In an unprecedented barrage of bizzare demands and conditions, the PF Party are carrying out a ballistic onslaught on the UPND President’s Hakainde Hichilema’s visit to South Africa at the invitation of that Country’s main opposition DA leader Mmusi Maimane.
The Zambian High Commissioner to South Africa Emmanuel Mwamba has come out with guns blazing demanding that Mr Hichilema honours the Government that incarcerated him on trumped up charges because the Courts released him.
“Mr Hichilema’s ‘release’ from prison together with his co accused was a demonstration of Zambia’s entrenched rule of law and a ‘tested’ democracy”.
Mr Mwamba appeared to have been referring to the recent release of the UPND President after the State entered a Nolle, that ended a four month prison term without trial, over a traffic offence that strangely turned out to be treasonous.
A nolle prosequi is a legal instrument which State prosecutors exercise to discontinue a court case on account of lack of prosecutable evidence, and may resuscitate the charge if credible evidence is found later.
In such a prevailing scenario, the Courts don’t have much choice but to set the accused free.
Experts consequently view Mr Mwamba’s claim that the judiciary is free as a result of the Nolle by the State as flawed misguided, mischievous and one lacking merit.
Elias Munshya a Zambian lawyer based in Canada and a fierce critic of Edgar Lungu’s human rights record and dictatorship questioned Mr Mwamba’s theory of patriotism through citizens’ submissive silence of the wrongs of Government.
“It is the duty of every Zambian to speak well of their country, but it isn’t the duty of every Zambian to speak well of their Government or the ruling party. The ruling party used the machinery of the State to arrest Mr Hichilema who didnt commit treason and it had to take the Commonwealth Secretary General Baroness Patricia Scotland to tell your Government that Mr Hichilema’s arrest was illegal and inimical to the interest of this country, shame on this kind of leadership.”
Mr Munshya stated further, “If it has to take foreigners like Gen Olusugun Obasanjo to straighten the Zambian Government out, then Zambians will continue appealing to foreigners to intervene”.
The invitation of Hakainde by Mmusi Maimane seemed to have opened PF wounds of embarrassment that are still oozing as a result of a huge diplomatic gaffe that Emmanuel Mwamba caused during the SADC Conference which Mr Edgar Lungu attended in Pretoria two weeks ago.

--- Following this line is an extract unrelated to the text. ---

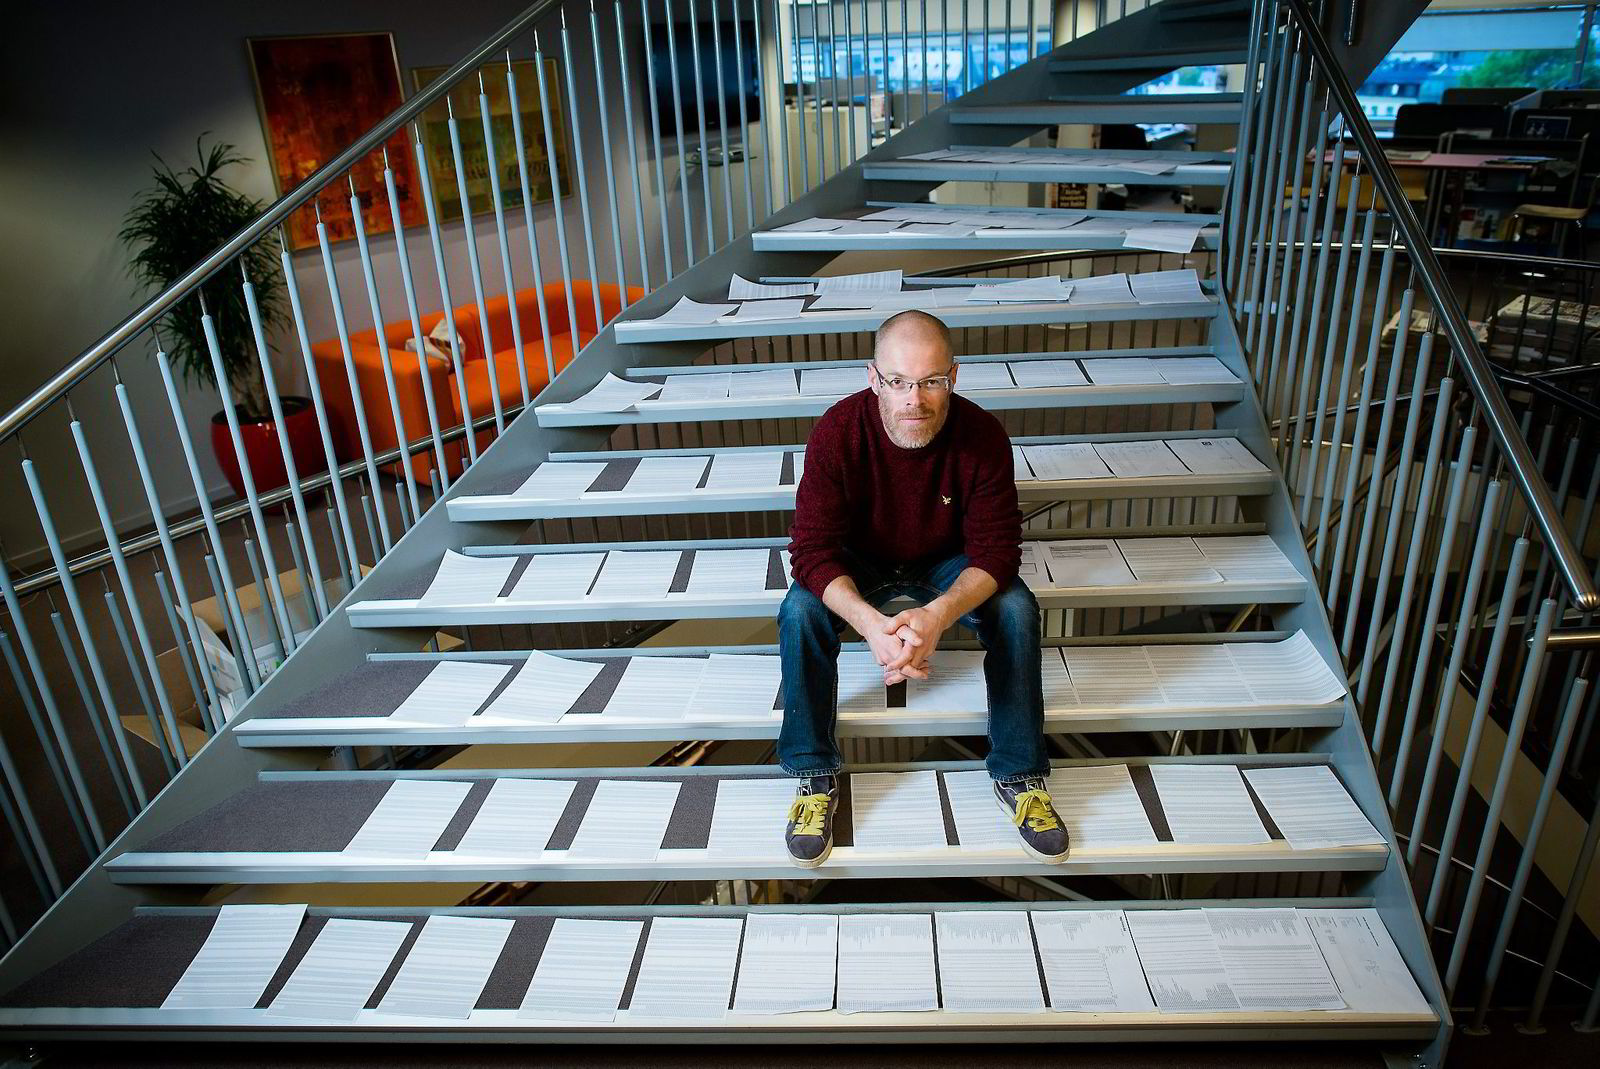 Schibsted har 136.000 opplysninger samlet om DN-journalist Bjørn Eckblad.  Utskriftene dekker mange trappetrinn,
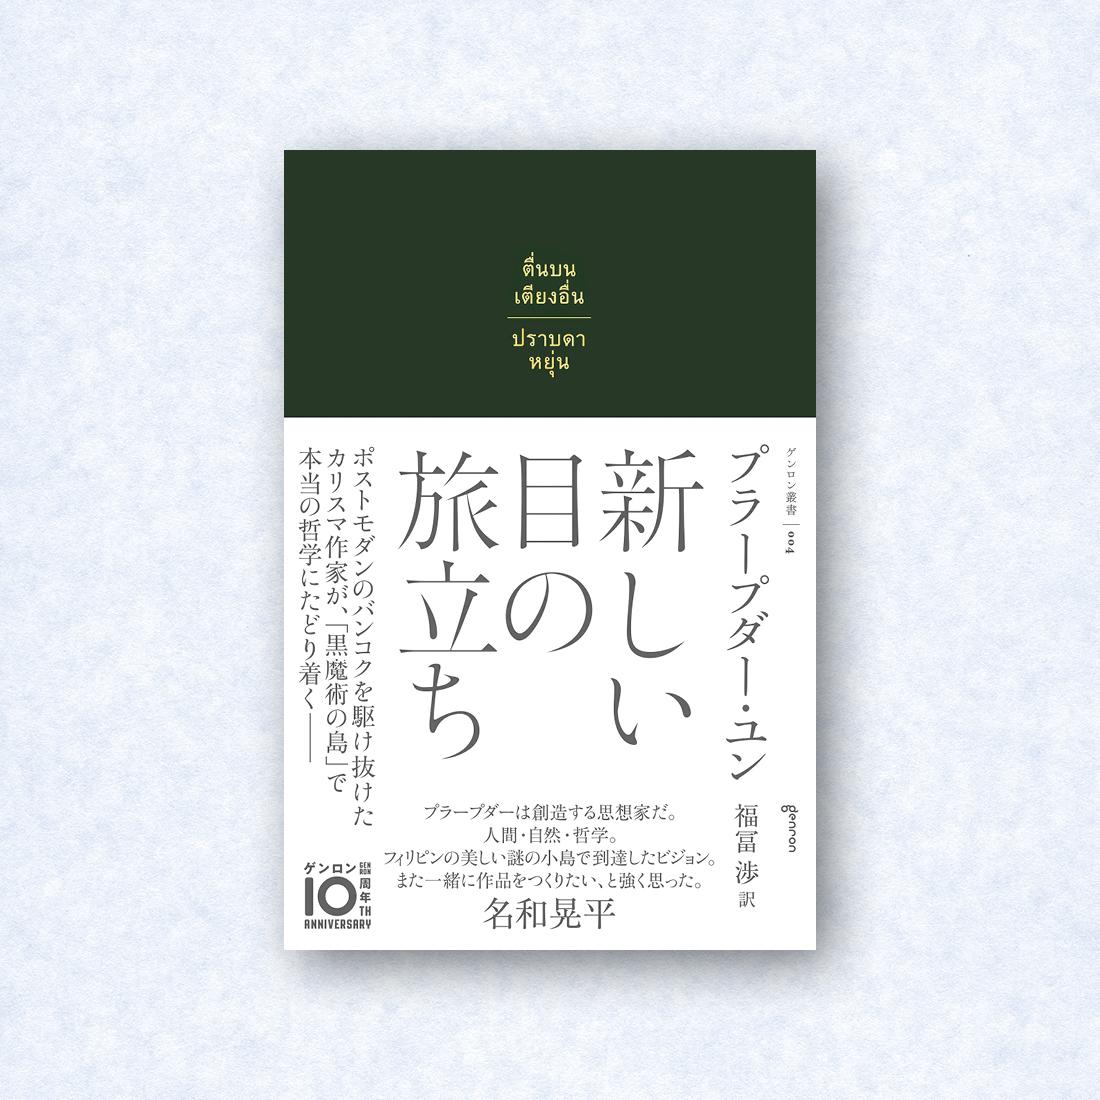 ゲンロン叢書004|新しい目の旅立ち

The High Commissioner released a sensational communique in which he revealed that President Lungu had summoned the South African opposition leaders Mmusi Maimane and Julius Malema of DA and EFF Parties respectively, for what appeared to be a tongue lashing “for interfering in Zambia’s internal affairs”.
DA’s Mmusi Maimane refused to meet Lungu demanding that he first apologises to Hichilema for incarcerating him without charge, while Julius Malema of the EFF said he could only meet the Zambian leader in a televised debate and not through a summon.
Meanwhile the Speaker of the South African Parliament Balete Mbete recognised the UPND leader who was invited to attend a question and answer session between President Zuma and South African parliamentarians.
“I wish to recognize the presence of the Zambian opposition leader Hakainde Hichilema who is in the House with us”, remarked a beaming Ms Mbete as MPs applauded a smiling Hichilema.
The South African DA opposition leader Mmusi Maimane who hosted Mr Hichilema asked President Zuma a question many observers viewed as symbolic and for the record, as to what the South African Government’s stand was on the human rights abuses going in Zambia.
Mr Zuma predictably explained the South African SADC position of not interfering in member state’s internal affairs “unless the situation took external dimensions”.
Many viewed this as a hint by Zuma that his country would only intervene if there was degeneration that would lead to civil war that would spill outside the borders of an affeted member state.
There’s increased criticism and pressure by human rights activists on the AU to change the policy of ‘wait and see and act’ to proaction that has been adopted by West African Nations through ECOWAS.
The ECOWAS hardline stance has kept many member states in check on human rights abuses committed by dictators and repressive regimes in West Africa which many Africans are hoping would extend to the rest of the continent.